Notwithstanding this strong (and accurate) language regarding the pace and dangers of unchecked climate change, the panel simultaneously dismissed the plaintiffs' lawsuit for lack of standing. In doing so, their opinion illustrates the folly of the approach that many federal courts have taken to the doctrine of standing in private lawsuits intended to promote a public interest.
The court declared that the plaintiffs' concededly valid claims could not be "redressed" because "it is beyond the power of a [federal] court to order, design, supervise, or implement the plaintiffs' requested remedial plan." Thus, in the court's view, the harm that was done and continues to be done to the plaintiffs was insufficiently redressable by the courts, one of the necessary elements for a plaintiff to have standing. In taking this view, the Ninth Circuit radically misconstrued the broad remedial authority of federal judges.
While the Juliana plaintiffs did request extraordinary relief from the Ninth Circuit – a judicial order that the federal government implement a multi-faceted plan to reverse climate change – the court could have ignored that broad request while still ordering some narrower, but still beneficial, governmental action to reverse the scourge of climate disruption. In fact, the court's opinion noted the plaintiffs had conceded that the very broad relief they were seeking would not solve climate change but would only ameliorate their alleged injuries "to some extent." The court might have spotlighted that concession to support an order mandating a federal phase-out of fossil fuels or a stricter regime of federal auto emissions standards. In a case like Juliana, where a federal court opines that a plaintiff's creative approach in fashioning a lawsuit has legal merit, it is hard to believe that such a court cannot be equally creative in using its equitable powers to fashion a helpful – though admittedly imperfect – remedy that protects a plaintiff's constitutional rights to a meaningful extent.

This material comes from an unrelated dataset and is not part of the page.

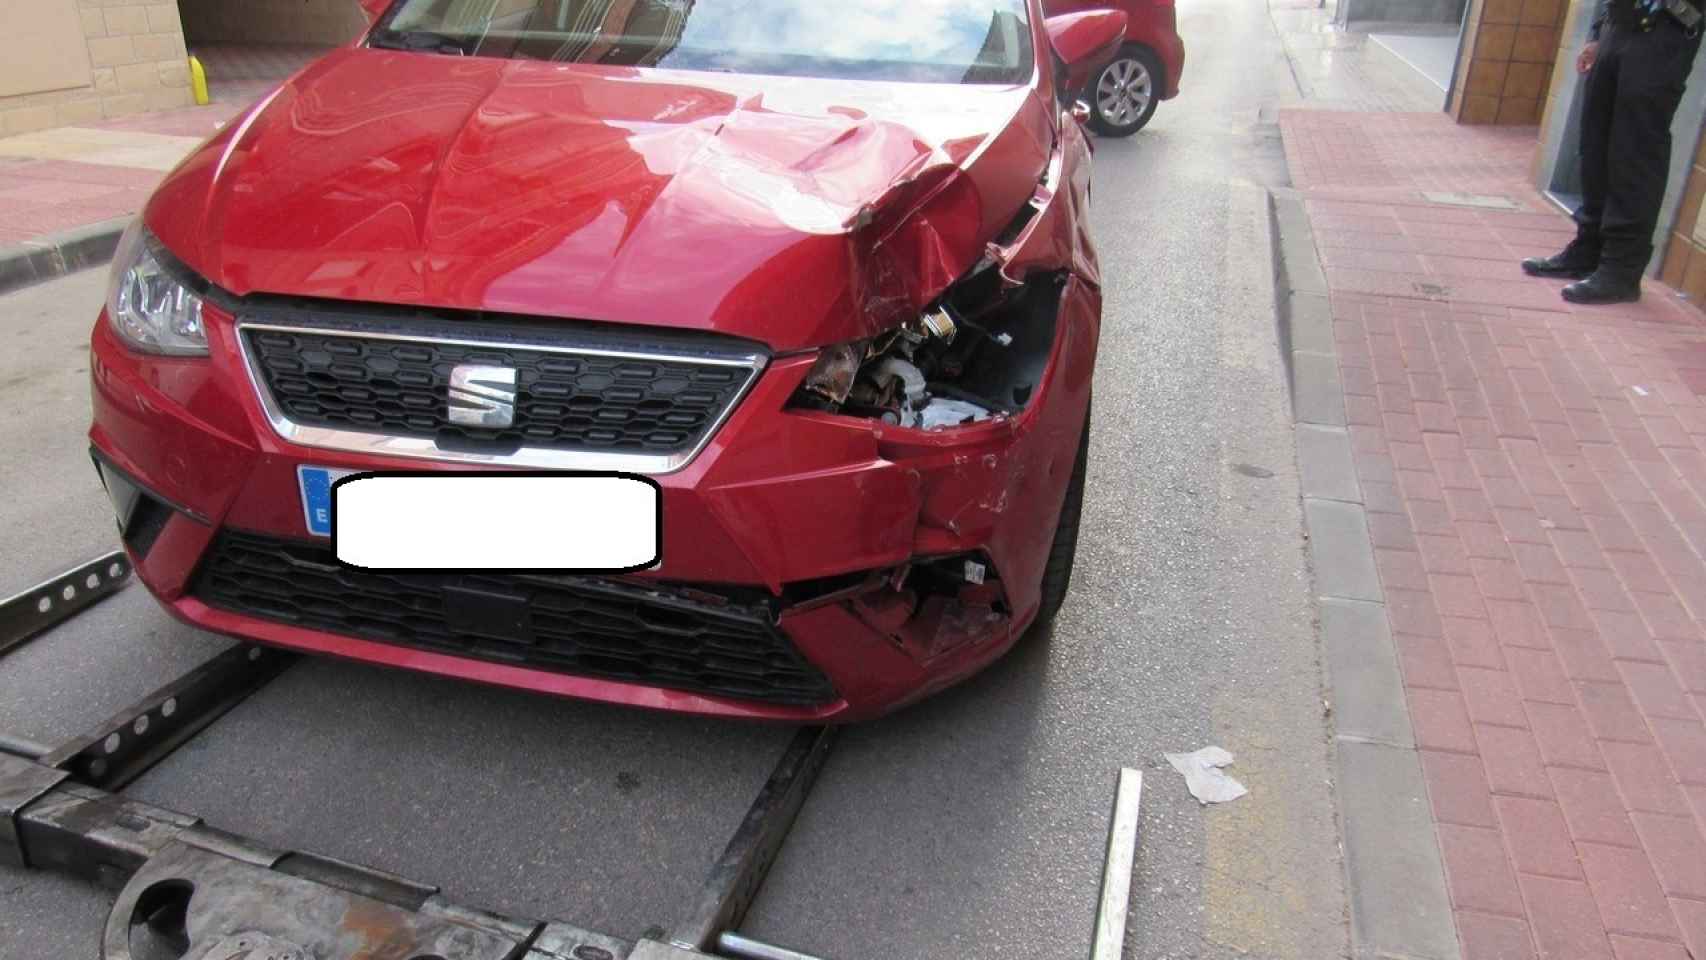 El conductor ocultó el Seat Ibiza en el garaje porque presentaba una violenta colisión.

The Juliana case is not closed. The plaintiffs have requested that the Ninth Circuit hear their case en banc, i.e. before a panel of 10 randomly selected Ninth Circuit judges that can reverse the initial panel's opinion on the issue of standing. Such requests are seldom granted, however. Moreover, even if the Ninth Circuit reverses the flawed ruling of its panel regarding standing to sue en banc, the Juliana case might very well reach the aforementioned skeptical Supreme Court.
The plaintiffs in this case resorted to the courts because the political branches of the federal government have largely failed to do anything of consequence on this existential issue. Many legal experts note that the outcome of this case is unlikely to impact the climate justice and public nuisance cases that cities and states across the country have filed in state and federal courts because the issues they've raised are different in type and scope. Nevertheless, the Juliana setback underscores how critical it is for the executive and legislative branches to move quickly and aggressively to combat the climate crisis. Thus, it is up to We, the People, to make sure our elected representatives step up. Fortunately, it's an election year, and we have a chance to make our voices heard.